First Run Broadcast: August 24 & 25, 2016
1:00 p.m. E.T. (60 minutes)

Planning for the sale of a family business necessarily involves both transactional planning and estate planning – and the goals of these are sometimes in tension.  Transfers to family members can take many forms – a straight sale, a redemption using internally generated cash flow to cash-out a senior generation, an estate “freeze,” and more. Sales to third parties can other forms, but all involve special due diligence issues when the company has been long-controlled by a family.  Whether the businesses is transferred to family members or sold to third parties, the specter of succession drama looms large, bringing to the forefront inter-personal family issues.

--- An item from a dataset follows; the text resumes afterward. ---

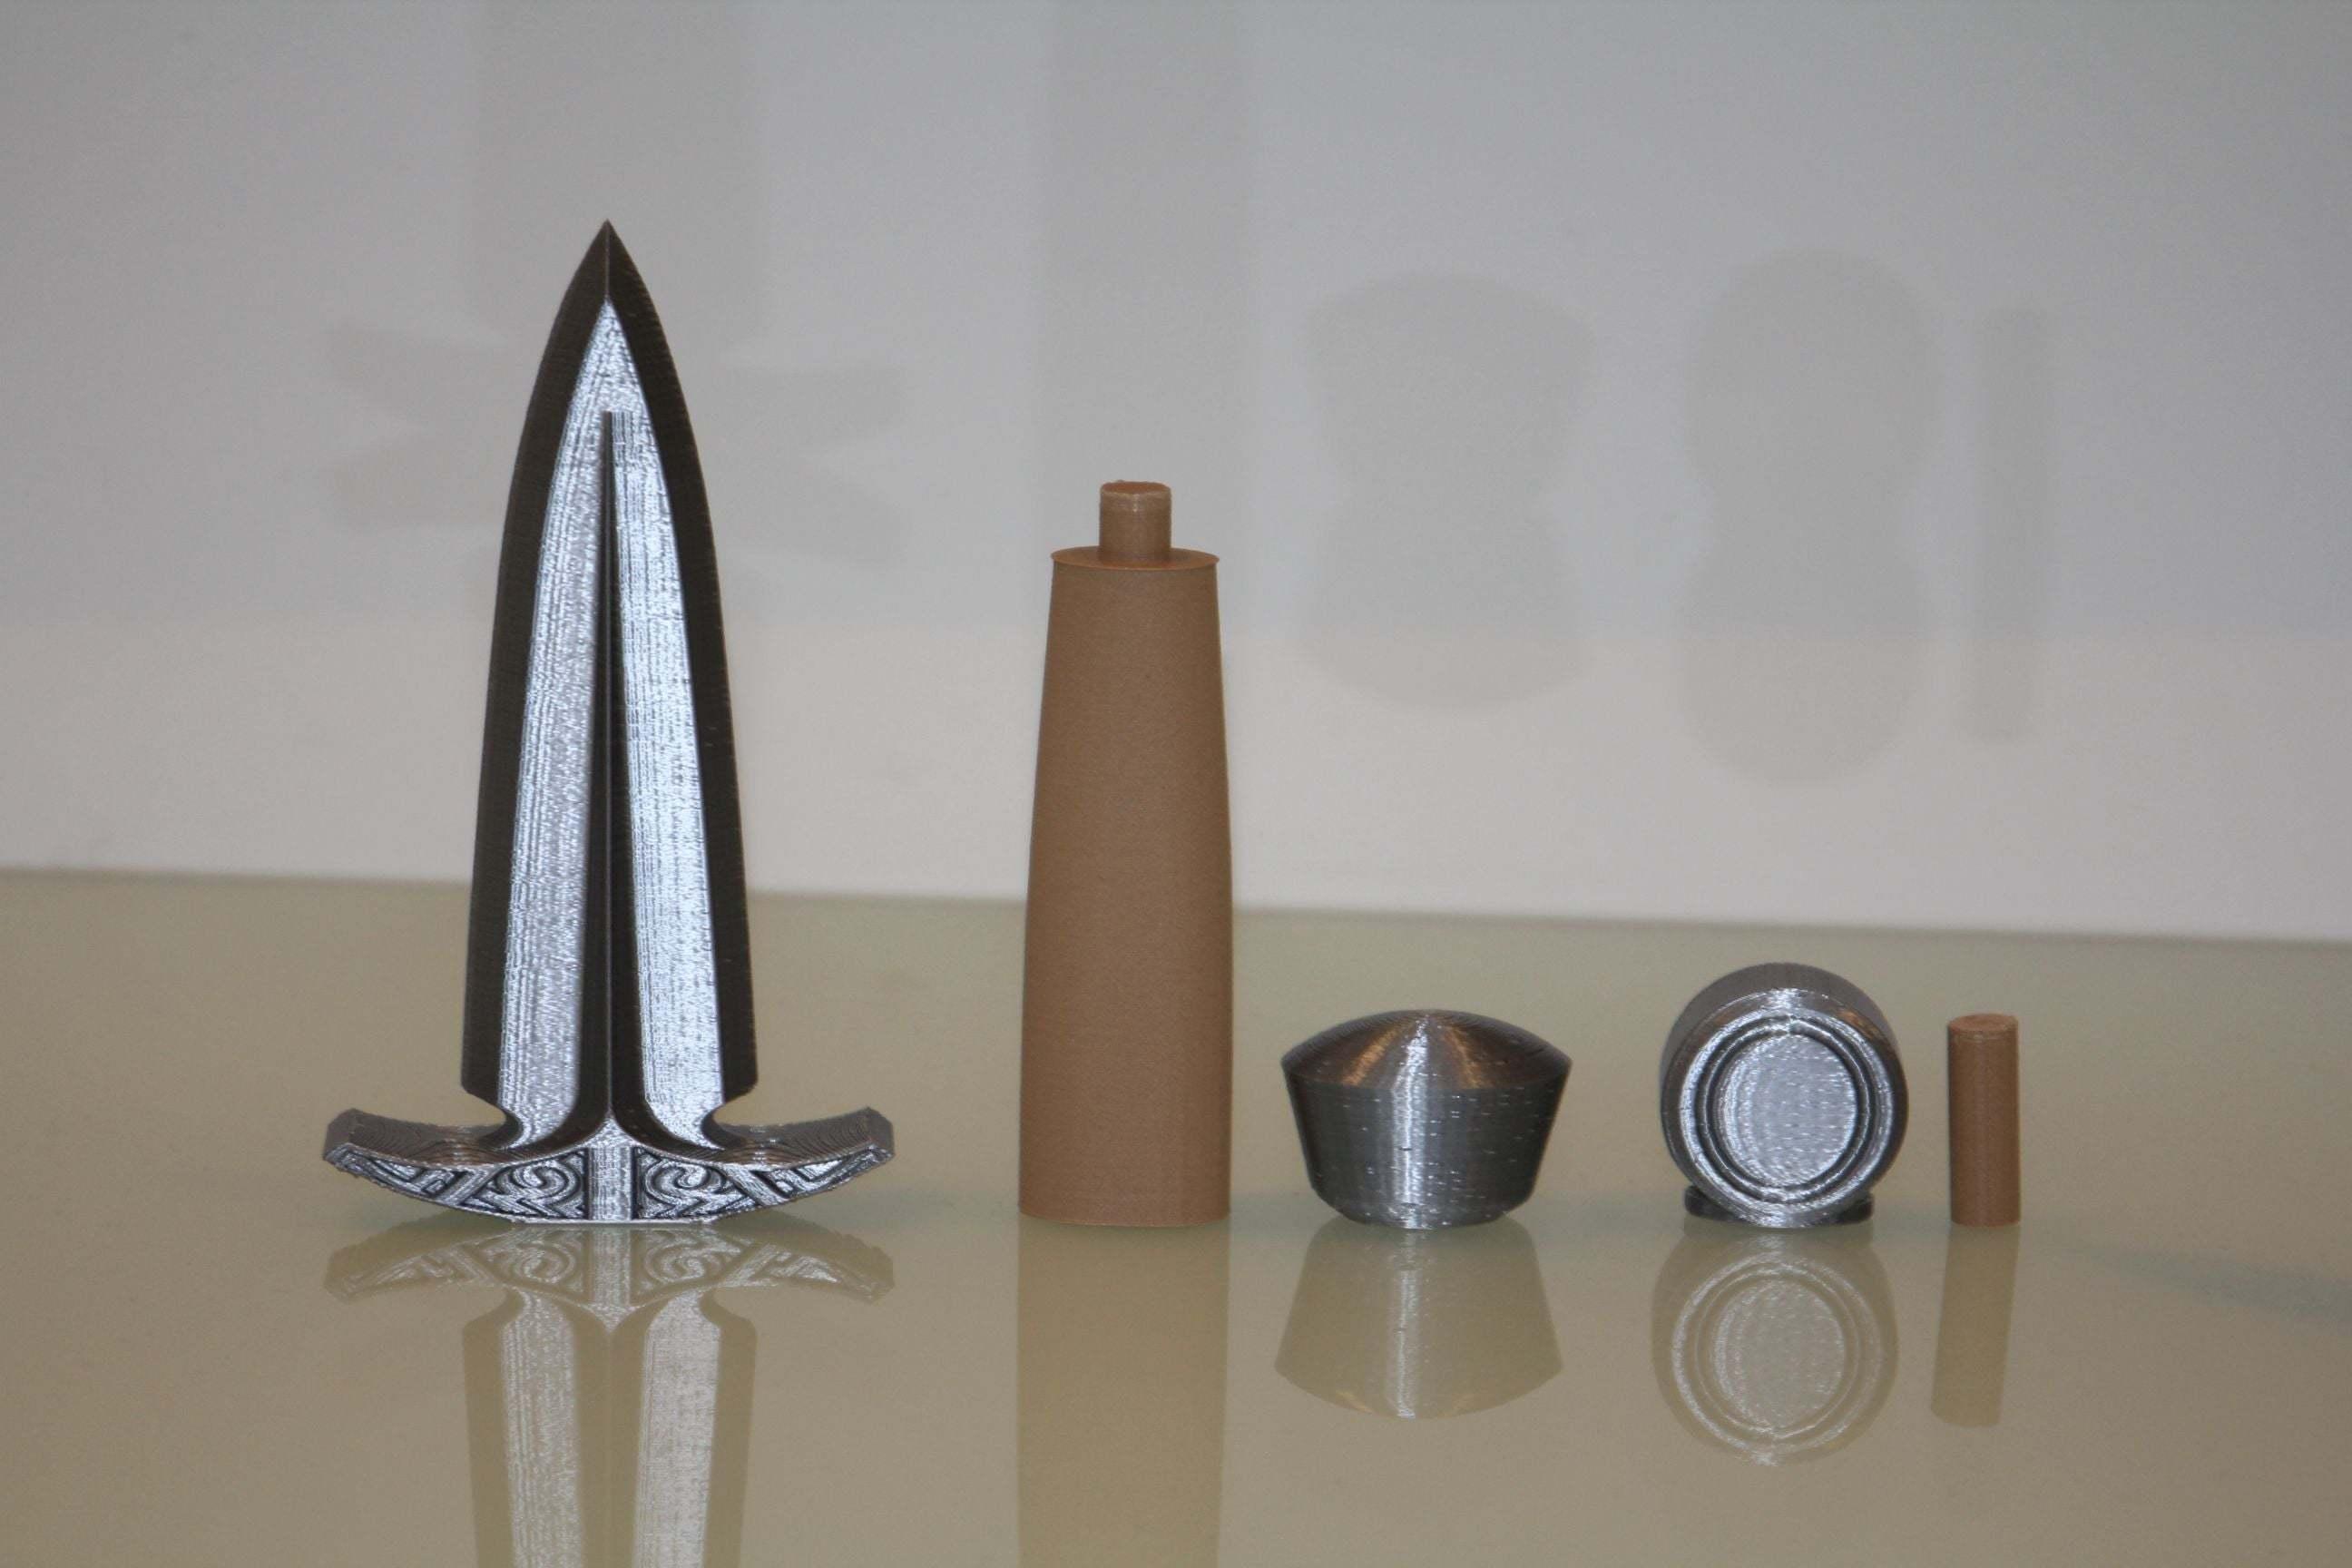 dagger3.jpg Download free STL file Dagger - easy to print, no support • 3D printable model, plokr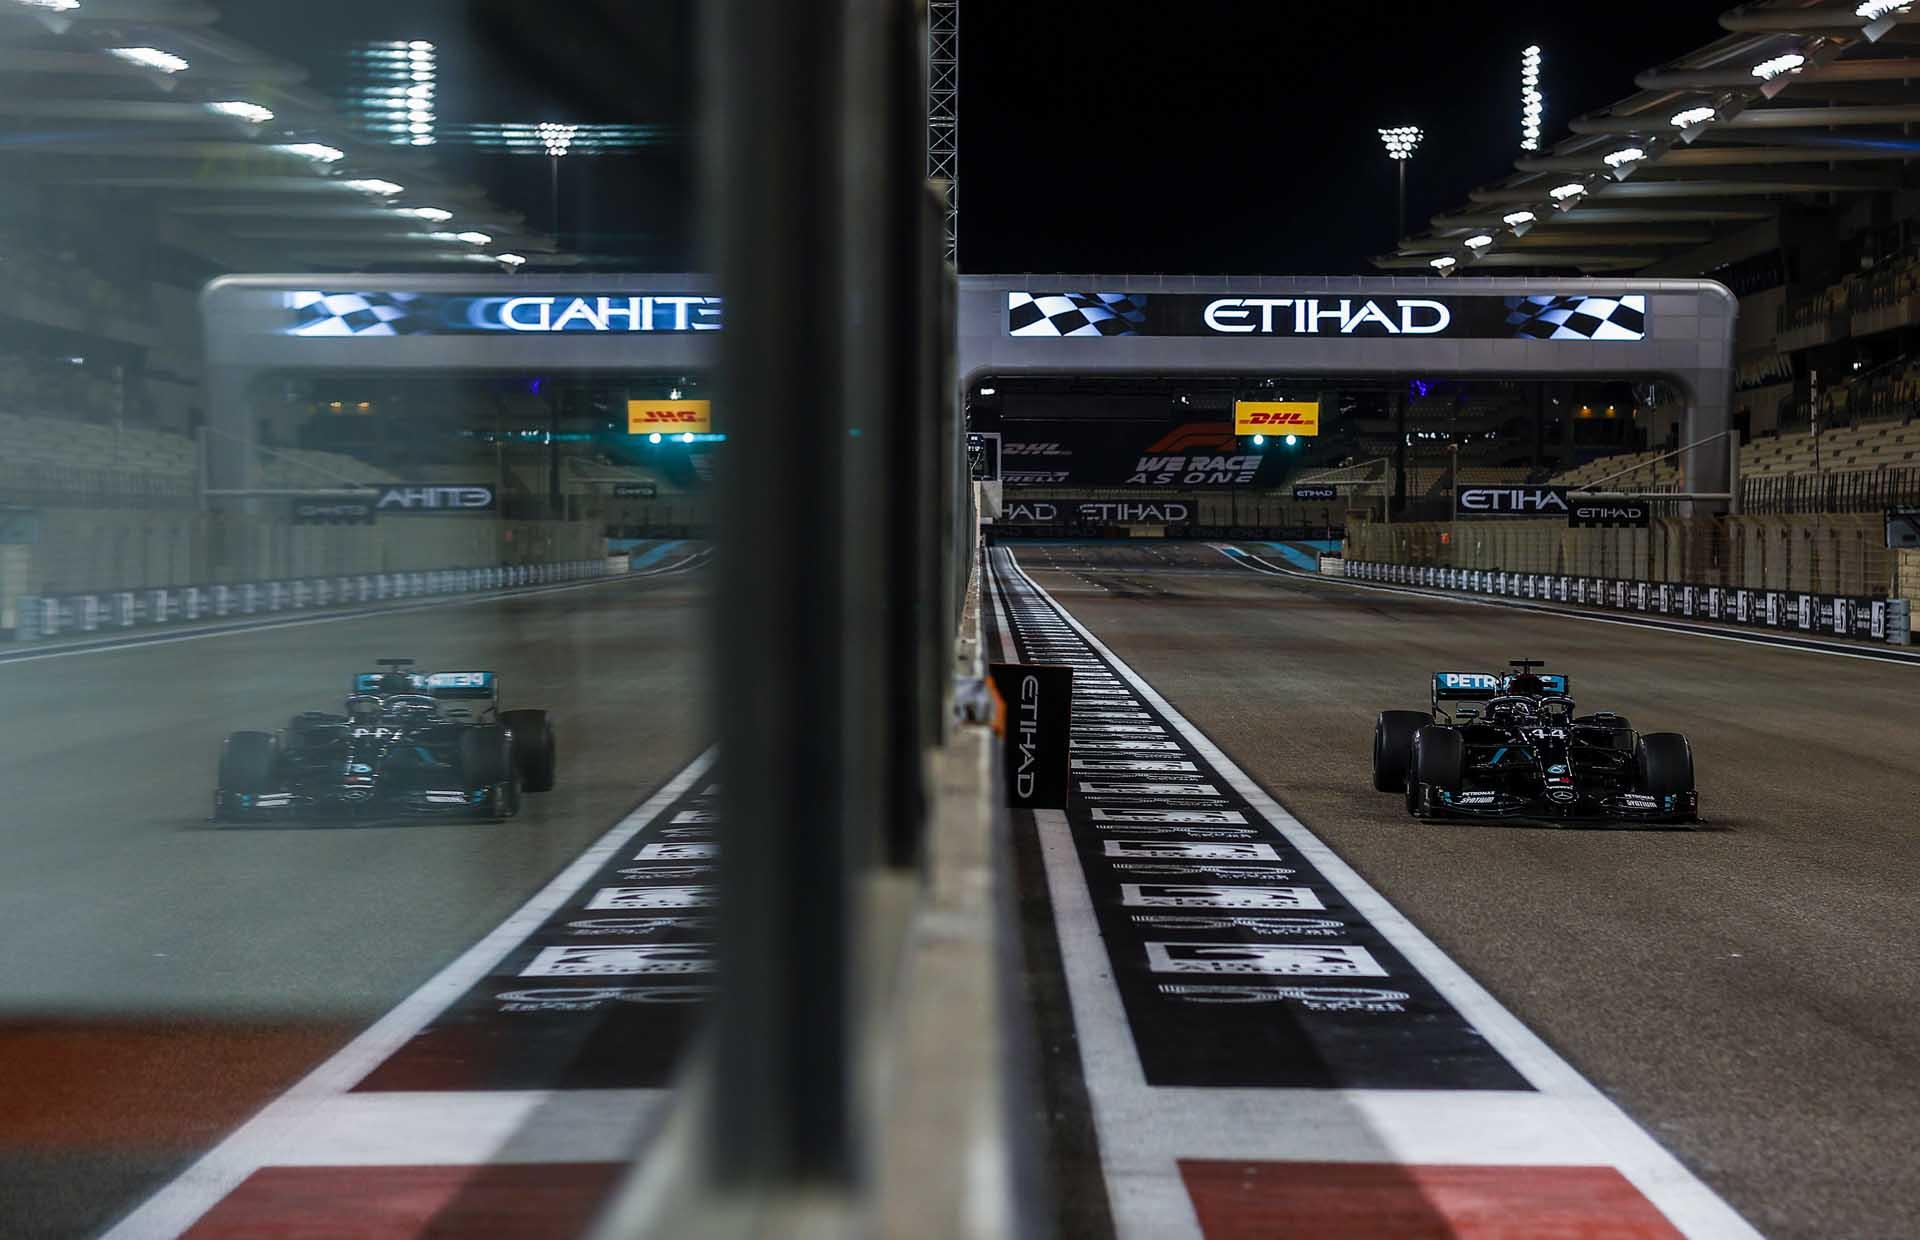 2020 Abu Dhabi Grand Prix, Friday - LAT Images

Layer on top of these business considerations the imperatives of estate planning, including discounting the value of assets transferred, and the overall project becomes very complex.  This program will provide you with an inter-disciplinary guide to planning for the sale of a family business. 

Day 1 – August 24, 2016: 

• Interdisciplinary business and estate planning for sales of family businesses 
• Strategies to avoid family drama in succession planning – intra-family transfers & sales to third parties
• Special diligence issues when buying/selling family businesses
• Intra-family transfers – redemptions, freezes, straight sales 
• Transactional formats for transfers to third parties – entity merger and asset sales
• Planning to retain key employees and transition agreements 
• Finance issues – new capital, use of internal cash flow, debt financing
• Reps, warranties, indemnity and baskets – drafting issues common to closely held companies

Day 2 – August 25, 2016: 

• Successor liability concerns where assets are transferred
• Valuation of family business & conflicting goals of sales v. estate planning
• Understanding range of estate/gift/income tax planning alternatives & circumstances when each is best
• Structuring private annuities to transfer a business and provide income to founders
• Self-cancelling installments notes and intentionally defective irrevocable trusts
• Use of GRATS and “redemptive freezes” 


Paul Kaplun is a partner in the Washington, D.C. office of Venable, LLP where he has an extensive corporate and business planning practice, and provides advisory services to emerging growth companies and entrepreneurs in a variety of industries. He formerly served as an Adjunct Professor of Law at Georgetown University Law Center, where he taught business planning.  Before entering law practice of law, he was a Certified Public Accountant with a national accounting firm, specializing in corporate and individual income tax planning and compliance.  Mr. Kaplun received his B.S.B.A., magna cum laude, from Georgetown University and J.D. from Georgetown University Law Center.